PRP is an inflammatory papulosquamous dermatosis initially thought to be a variant of psoriasis. In addition to trauma, PRP has also been reported in association with burns, malignancies, vaccinations, agammaglobulinemia, and arthropathy. It is classified depending on the age of onset, behavior, distribution, and prognosis of disease; three of these are juvenile variants classical (type III), circumscribed (type IV), and atypical (type V). Juvenile classical (type III) PRP presents between 5 and 10 years with the cephalocaudal progression of follicular and perifollicular erythematous papules, which coalesce to form plaques studded with spiny hyperkeratosis. Areas of sparing and palmoplantar keratoderma with an orange hue may be seen. Our patient had a classical progression and morphology of lesions as seen in PRP type III. But there was only mild palmoplantar keratoderma with no islands of sparing. Childhood-onset follicular psoriasis also may have similar morphology and distribution of lesions with involvement of palms and soles, but the cephalocaudal progression is not a feature.

Histopathology in follicular psoriasis shows follicular plugging with infundibular dilatation and parakeratotic ostium with loss of a granular layer and the presence of neutrophilic infiltrate.[1] The presence of vertical and horizontal orthokeratosis and parakeratosis with focal hypergranulosis and thickening of the suprapapillary plate with the lack of significant perivascular neutrophilic infiltrate suggested PRP in our patient.

The Koebner phenomenon (KP) is characterized by the development of lesions of the same morphology and histopathology as the primary cutaneous disease at the traumatized uninvolved skin. Boyd and Neldner divided KP into four types: (1) true KP; (2) pseudo KP, seen because of autoinoculation in infectious disease; (3) occasionally occurring KP, which is not reproducible. In this category, disease occasionally localizes to the sites of trauma. (4) Questionable isomorphic phenomenon, where only a single case report is described.[2] In PRP, an isomorphic response has been described very rarely.[3]

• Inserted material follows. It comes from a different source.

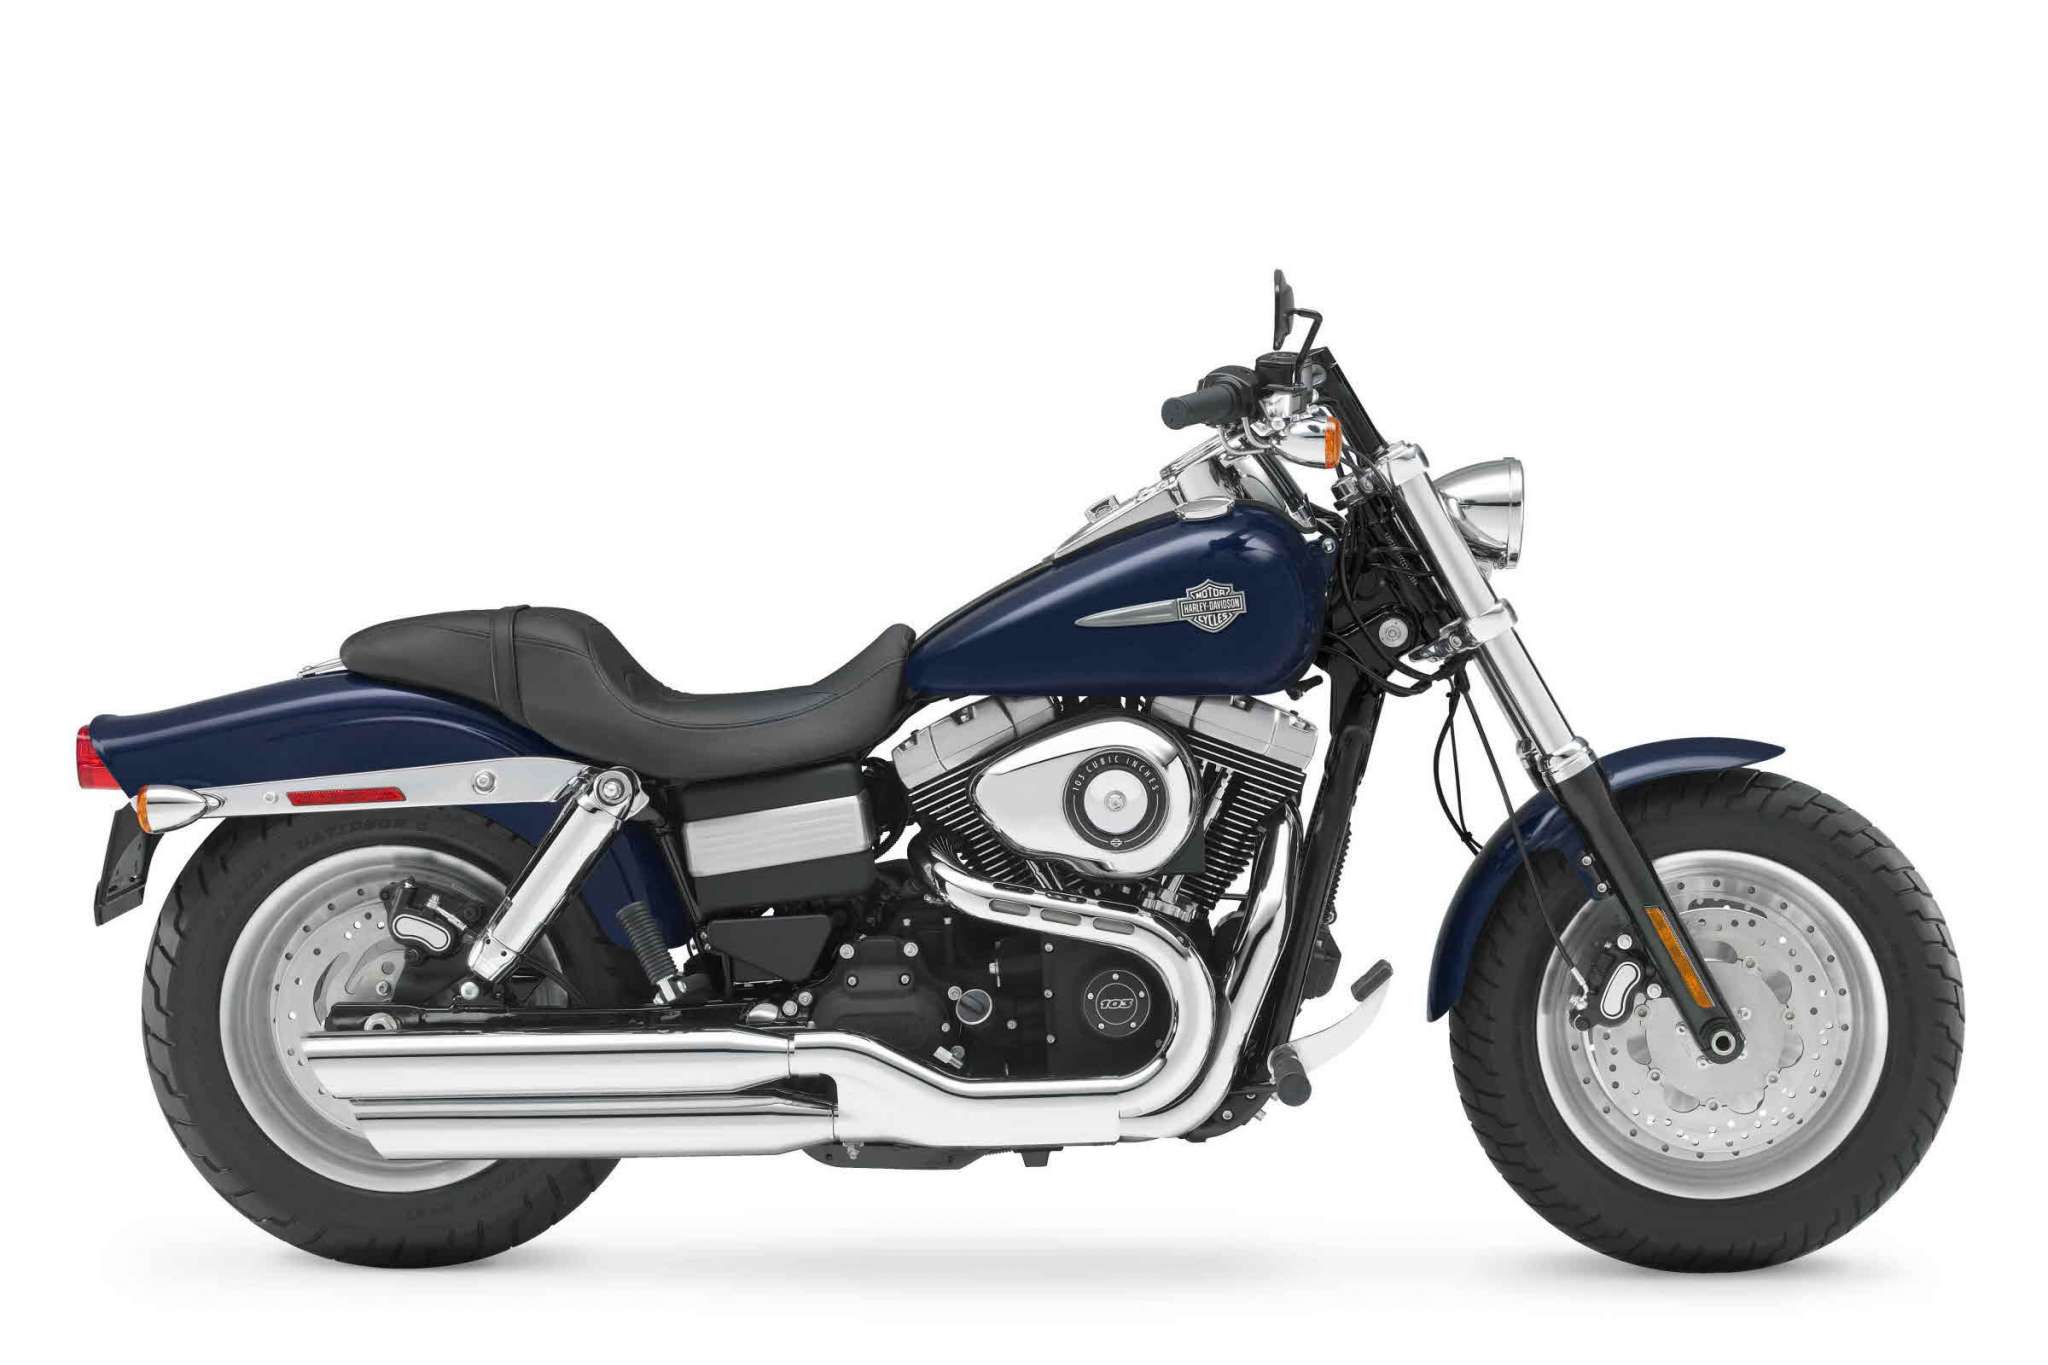 Harley Davidson 103 Cubic Inches Price Factory Sale, UP TO 64% OFF

Epidermal hyperplasia in psoriasis is driven by interleukin (IL)-23 and mediated by IL-17 and IL-22.[4] IL-17 has been found to be increased in lesions of PRP and targeted therapy against this immune mediator has shown improvement in resistant PRP.[5] In spite of being two different types of papulosquamous diseases, PRP shares certain clinical, histopathological, and immunological features with psoriasis.[4] KP in psoriasis occurs because of the increased expression of Toll-like receptor 9 and activation of Th-17. A similar mechanism may be involved in koebnerization in PRP. We are reporting a case of juvenile PRP with koebnerization explaining the possible link between the pathogenesis of KP in PRP with psoriasis.

Declaration of patient consent

The authors certify that they have obtained all appropriate patient consent forms. In the form the patient(s) has/have given his/her/their consent for his/her/their images and other clinical information to be reported in the journal. The patients understand that their names and initials will not be published and due efforts will be made to conceal their identity, but anonymity cannot be guaranteed.